Con una mañana tan oscura uno pensaría que el sol aun no había salido. Lucas, sin embargo saltó contento de la cama, con una sonrisita en la boca que hacía sospechar que algo se traía, alguna cosa sabía, que los demás desconocíamos. en la mesa del desayuno todos lo mirábamos, sorprendidos por verlo contento, y no huraño y malgeniado como de naturaleza se comportaba, desde aquel día de hace casi dos años, cuando cayó del árbol del patio, y se fracturó irremediablemente sus piernas.

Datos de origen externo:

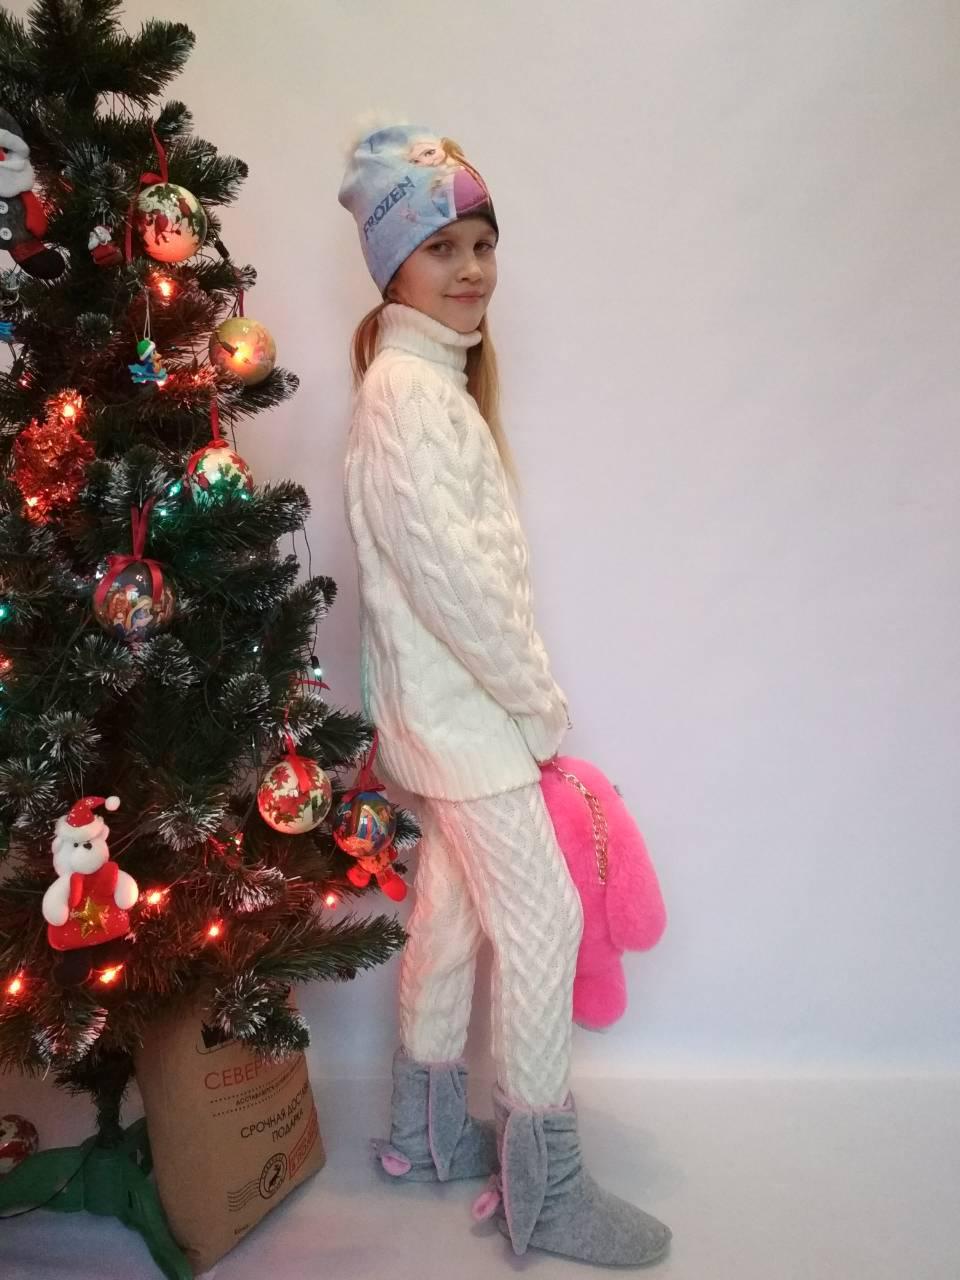 теплый вязаный костюм на девочку белого цвета за 450 грн в харькове

La negra Aurelia lo levantó de la silla de ruedas y lo posó suavemente en el taburete con brazos donde siempre comía. Lucas nos miró a todos, amplió todavía más su sonrisa, y luego pronunció cuatro palabras perfectamente comprensibles:
- Quiero jugo de naranjas…
Todos seguimos con nuestros desayunos y el guardó silencio hasta terminar el suyo. Aurelia lo puso nuevamente en su sillita y se quedó mirándolo, esperando la seña acostumbrada que la autorizaba para levantarlo y llevarlo a su cuarto, pero esta vez Lucas la detuvo con un gesto distinto. Otra vez iluminó voluntariamente su rostro con una desconocida sonrisa, y pronunció otras cuatro palabras, en un magnífico tono de voz:
- Mañana volveré a caminar…
Sin esperar a la negra, el pequeño dio media vuelta, y empujo decididamente las ruedas de su silla, para llegar a su alcoba. Todos nos quedamos de una pieza, cada uno murmurando para dentro alguna oración corta por la salud del infante, más de uno malpensando que Lucas se nos estaba enloqueciendo. Bertha y yo nos fuimos para la cocina, nos urgía compartir los últimos sucesos, ver de que modo podíamos ayudar al niño, a entender ese nuevo capítulo de su actual comportamiento.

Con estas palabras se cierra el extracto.